Traceback (most recent call last):
File "/opt/anaconda2/envs/qiime2/lib/python3.6/site-packages/q2cli/commands.py", line 327, in call
results = action(**arguments)
File "</opt/anaconda2/envs/qiime2/lib/python3.6/site-packages/decorator.py:decorator-gen-144>", line 2, in barplot
File "/opt/anaconda2/envs/qiime2/lib/python3.6/site-packages/qiime2/sdk/action.py", line 240, in bound_callable
output_types, provenance)
File "/opt/anaconda2/envs/qiime2/lib/python3.6/site-packages/qiime2/sdk/action.py", line 445, in callable_executor
ret_val = self._callable(output_dir=temp_dir, **view_args)

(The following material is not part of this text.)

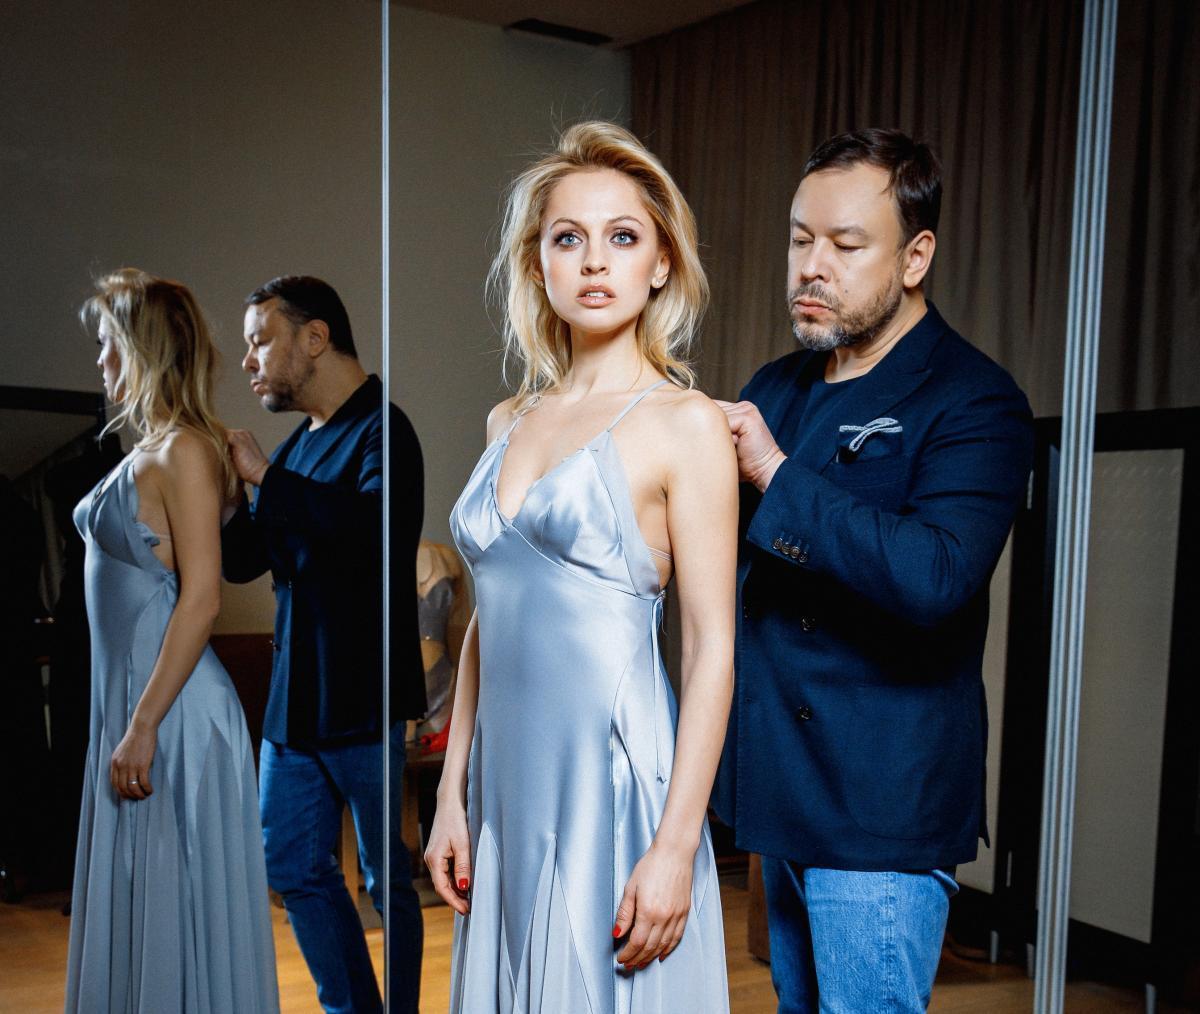 Игорь Чапурин создаст образы артистов шоу «Танцы со звездами»

File "/opt/anaconda2/envs/qiime2/lib/python3.6/site-packages/q2_taxa/_visualizer.py", line 34, in barplot
collapsed_tables = _extract_to_level(taxonomy, table)
File "/opt/anaconda2/envs/qiime2/lib/python3.6/site-packages/q2_taxa/_util.py", line 42, in _extract_to_level
collapsed_table = _collapse_table(table, taxonomy, level, max_obs_lvl)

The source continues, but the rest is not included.